An explosives-packed ambulance blew up in a crowded area of Kabul today, killing at least 695 people and wounding 158 others, officials said, in one of the biggest blasts to rock the war-torn city in recent years.

The Taliban-claimed assault -- the second carried out by the militant group in the Afghan capital in a week -- triggered chaotic scenes as terrified survivors fled the area scattered with body parts and hospitals were overwhelmed by the large number of wounded.

It came as both the insurgents and the Islamic State group have escalated their attacks on Kabul, one of the deadliest places in Afghanistan for civilians.

An AFP reporter saw "lots of dead and wounded" civilians in the Jamuriate hospital, which is metres away from the blast and where medical staff struggled to treat the bloodied men, women and children lying on the floor in corridors.

"The latest toll has reached 63 dead and 151 wounded," Baryalai Hilali, the director of the government media centre, told reporters.

He warned the death toll might rise as some of the wounded brought to hospitals were in a "critical condition".

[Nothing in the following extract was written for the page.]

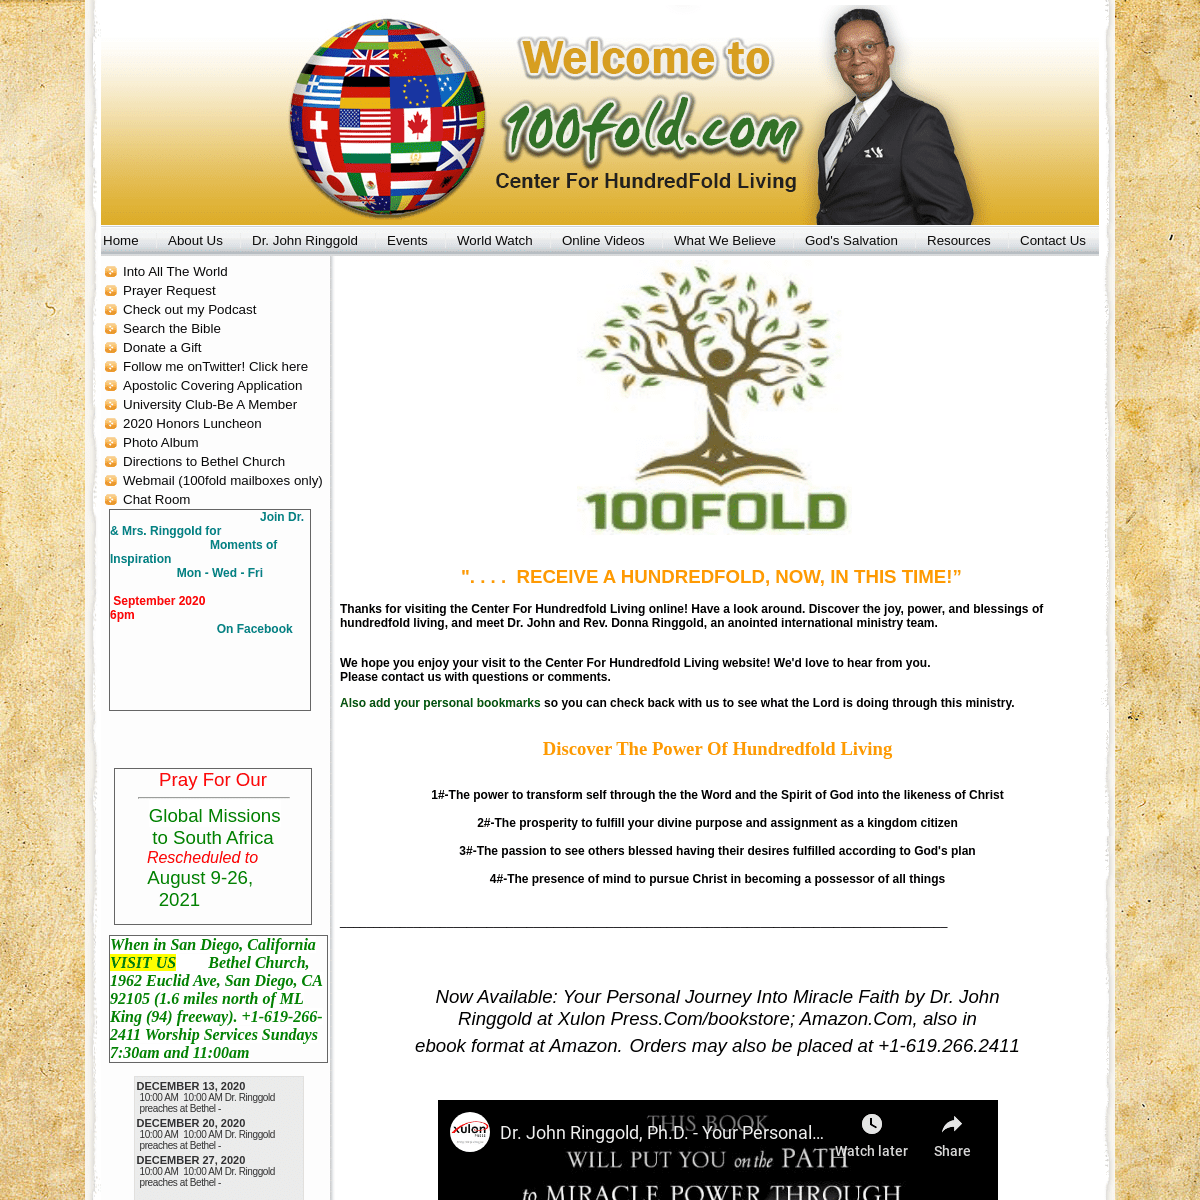 A complete backup of 100fold.com

The blast happened in an area where several high-profile organisations, including the European Union, have offices. Members of the EU delegation in Kabul were in their "safe room" and there were no casualties, an official told AFP.

The force of the explosion shook windows of buildings at least two kilometres away and caused some low-rise structures in the immediate vicinity to collapse.

The suicide bomber passed through at least one checkpoint in the ambulance, saying he was taking a patient to Jamuriate hospital, an interior ministry spokesman told AFP.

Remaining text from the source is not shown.